- WORK TO BE COMPLETED
Starting from the line in which "Free crochet baby blanket pattern" appears, output every line down to the last line of the data below, exactly and without anything more.

- Data records
....................

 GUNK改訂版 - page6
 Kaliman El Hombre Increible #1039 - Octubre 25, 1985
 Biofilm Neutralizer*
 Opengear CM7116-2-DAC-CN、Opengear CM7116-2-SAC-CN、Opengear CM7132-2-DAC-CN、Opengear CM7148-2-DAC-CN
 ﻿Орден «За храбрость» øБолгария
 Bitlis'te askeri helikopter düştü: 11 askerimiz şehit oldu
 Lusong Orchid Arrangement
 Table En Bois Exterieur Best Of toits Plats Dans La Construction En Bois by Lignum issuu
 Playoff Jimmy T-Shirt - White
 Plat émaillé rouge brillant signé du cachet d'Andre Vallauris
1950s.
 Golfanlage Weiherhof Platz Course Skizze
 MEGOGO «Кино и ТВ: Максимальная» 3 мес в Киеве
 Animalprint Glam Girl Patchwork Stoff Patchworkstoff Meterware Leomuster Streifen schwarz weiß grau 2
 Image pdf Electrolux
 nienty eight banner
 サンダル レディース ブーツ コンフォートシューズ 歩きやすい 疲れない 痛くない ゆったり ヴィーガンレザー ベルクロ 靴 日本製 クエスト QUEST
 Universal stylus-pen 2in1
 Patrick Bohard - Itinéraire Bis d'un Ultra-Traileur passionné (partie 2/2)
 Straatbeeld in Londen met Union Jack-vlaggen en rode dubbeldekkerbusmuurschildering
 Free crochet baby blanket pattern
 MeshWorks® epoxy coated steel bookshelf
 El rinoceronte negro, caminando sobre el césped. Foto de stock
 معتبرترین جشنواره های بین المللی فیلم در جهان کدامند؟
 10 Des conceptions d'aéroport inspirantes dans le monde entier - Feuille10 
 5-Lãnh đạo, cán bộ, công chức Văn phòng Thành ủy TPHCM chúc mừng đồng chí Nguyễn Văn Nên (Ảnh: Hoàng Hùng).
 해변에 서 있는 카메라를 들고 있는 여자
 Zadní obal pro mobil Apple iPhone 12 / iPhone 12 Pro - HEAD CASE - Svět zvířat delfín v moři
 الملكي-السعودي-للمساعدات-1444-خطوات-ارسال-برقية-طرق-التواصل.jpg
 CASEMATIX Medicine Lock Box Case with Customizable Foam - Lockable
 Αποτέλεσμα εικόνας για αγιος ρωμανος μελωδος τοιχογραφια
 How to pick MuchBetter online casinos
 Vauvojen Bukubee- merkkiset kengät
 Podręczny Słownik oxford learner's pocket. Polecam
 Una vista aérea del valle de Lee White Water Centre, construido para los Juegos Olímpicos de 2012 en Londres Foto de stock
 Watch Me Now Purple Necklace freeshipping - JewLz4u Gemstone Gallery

....................

- ANSWER TO THIS PROBLEM
 Free crochet baby blanket pattern
 MeshWorks® epoxy coated steel bookshelf
 El rinoceronte negro, caminando sobre el césped. Foto de stock
 معتبرترین جشنواره های بین المللی فیلم در جهان کدامند؟
 10 Des conceptions d'aéroport inspirantes dans le monde entier - Feuille10 
 5-Lãnh đạo, cán bộ, công chức Văn phòng Thành ủy TPHCM chúc mừng đồng chí Nguyễn Văn Nên (Ảnh: Hoàng Hùng).
 해변에 서 있는 카메라를 들고 있는 여자
 Zadní obal pro mobil Apple iPhone 12 / iPhone 12 Pro - HEAD CASE - Svět zvířat delfín v moři
 الملكي-السعودي-للمساعدات-1444-خطوات-ارسال-برقية-طرق-التواصل.jpg
 CASEMATIX Medicine Lock Box Case with Customizable Foam - Lockable
 Αποτέλεσμα εικόνας για αγιος ρωμανος μελωδος τοιχογραφια
 How to pick MuchBetter online casinos
 Vauvojen Bukubee- merkkiset kengät
 Podręczny Słownik oxford learner's pocket. Polecam
 Una vista aérea del valle de Lee White Water Centre, construido para los Juegos Olímpicos de 2012 en Londres Foto de stock
 Watch Me Now Purple Necklace freeshipping - JewLz4u Gemstone Gallery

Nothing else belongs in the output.